_WHAT YOU NEED TO DO_. Because the copy must hold no pictures, return the data below with all of its words intact.

_DATA EXCERPT_.
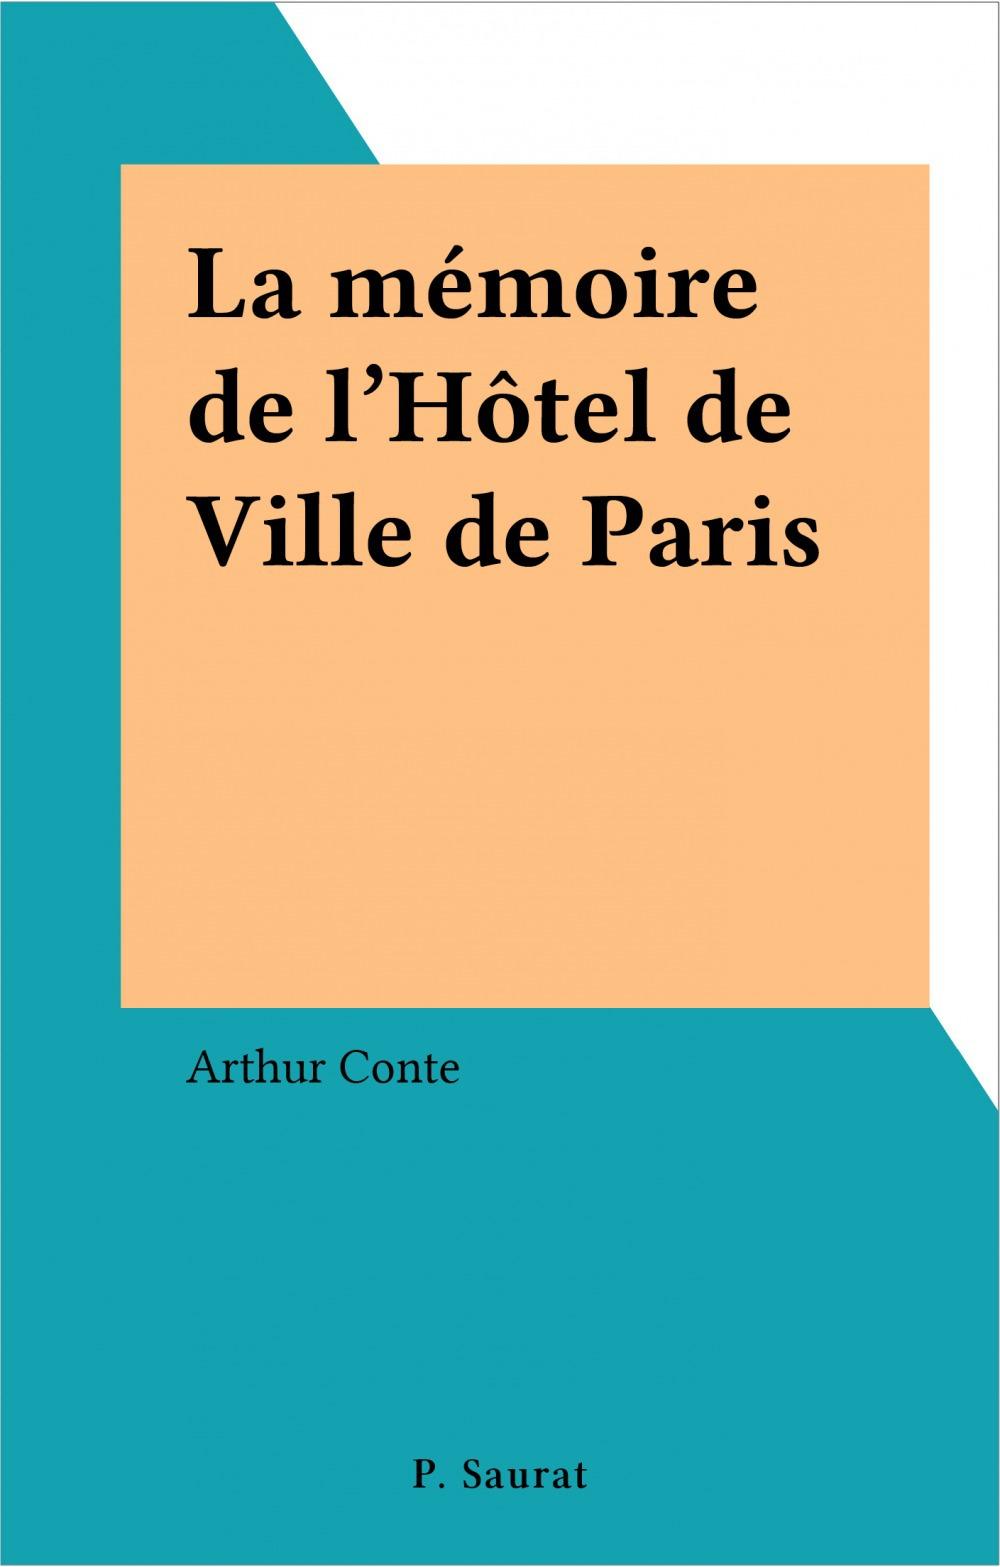 La mémoire de l'Hôtel de Ville de Paris
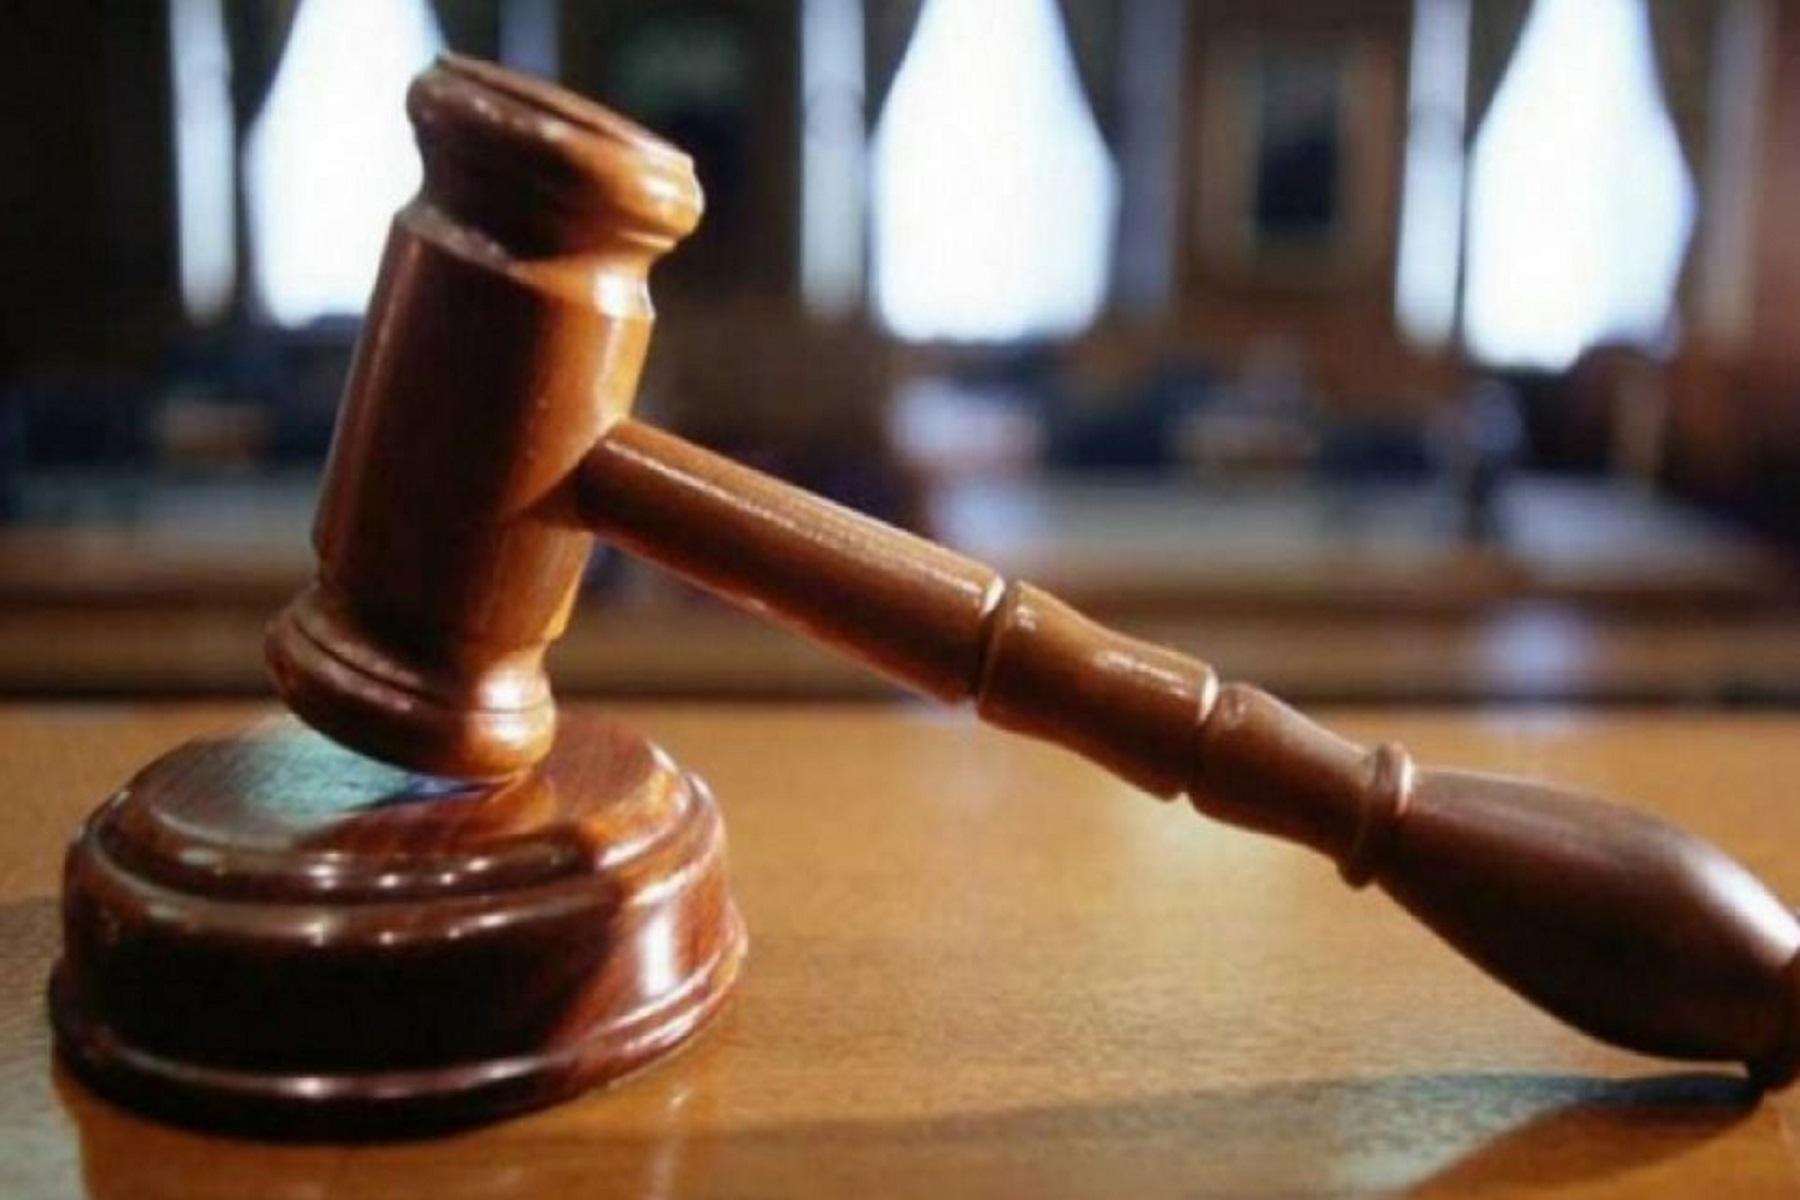 Παιδί Καρολάιν: Αναμένεται η απόφαση της Εισαγγελίας Ανηλίκων για την επιμέλεια
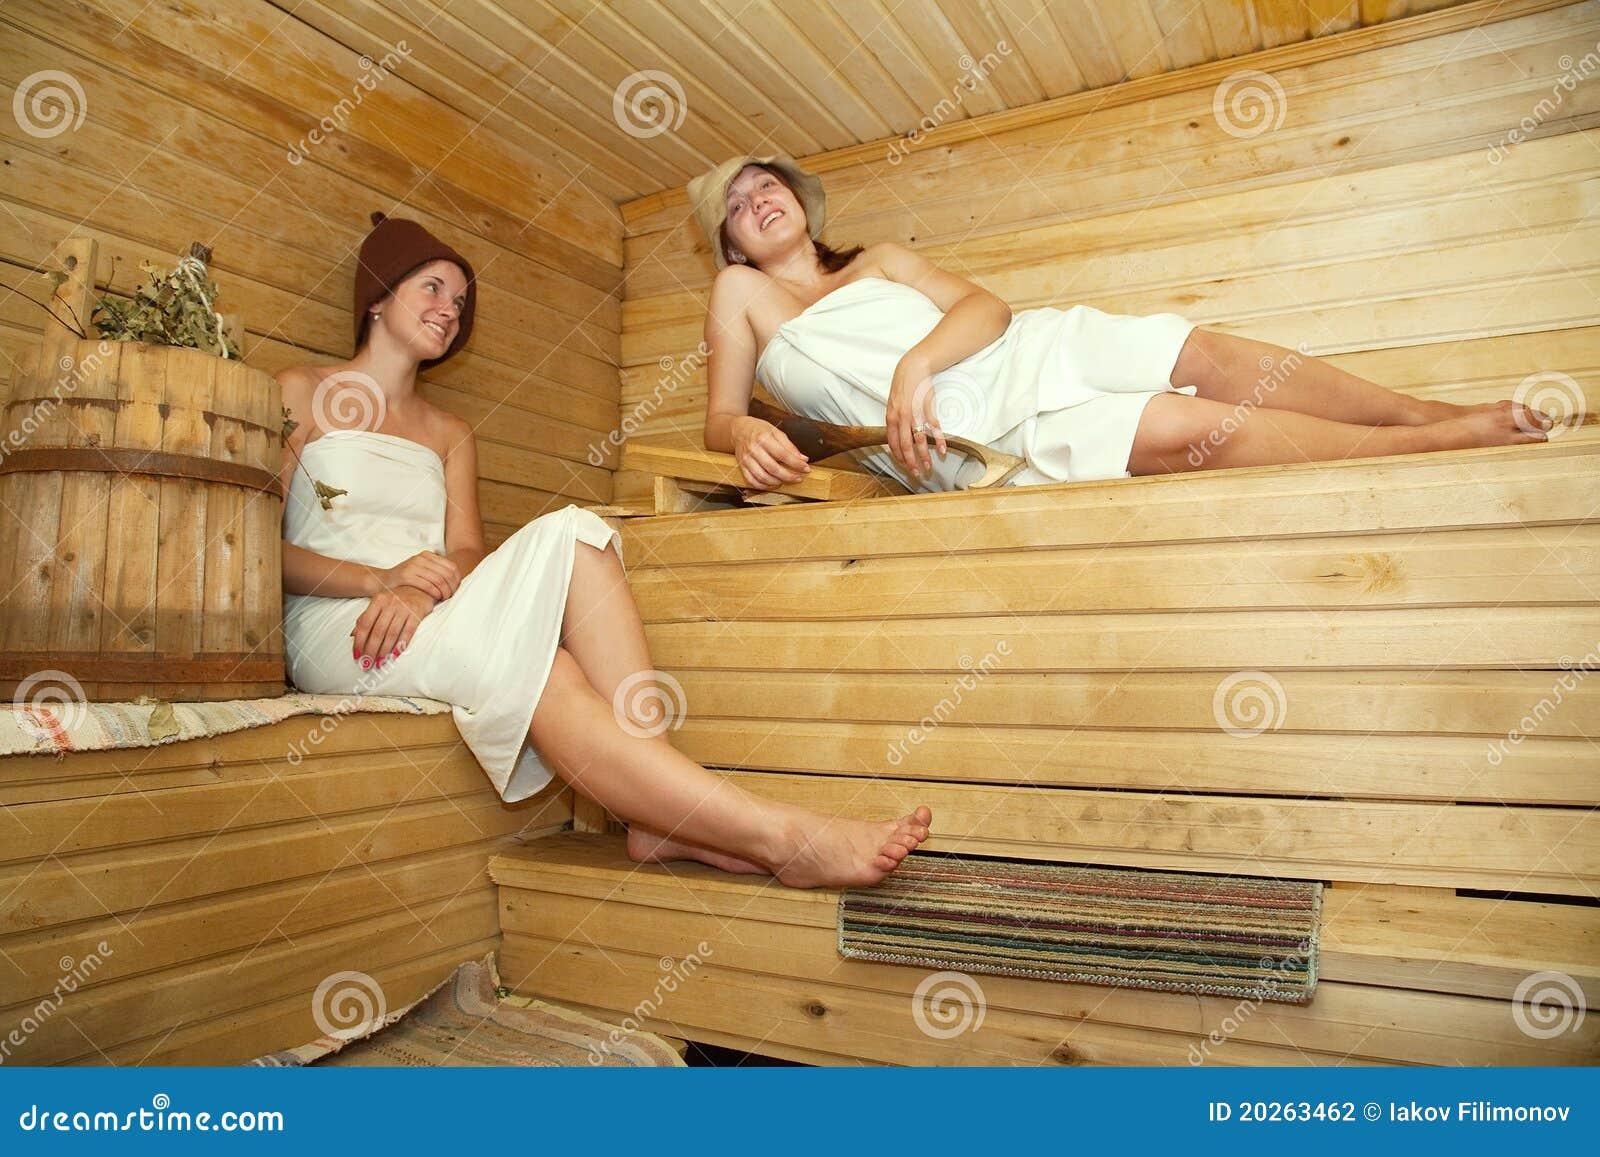 Фото голых баб за 50 в бане, Голые девушки в бане - красивые русские бабы 22 фотография

_EXERCISE ANSWER_.
 La mémoire de l'Hôtel de Ville de Paris
 Παιδί Καρολάιν: Αναμένεται η απόφαση της Εισαγγελίας Ανηλίκων για την επιμέλεια
 Фото голых баб за 50 в бане, Голые девушки в бане - красивые русские бабы 22 фотография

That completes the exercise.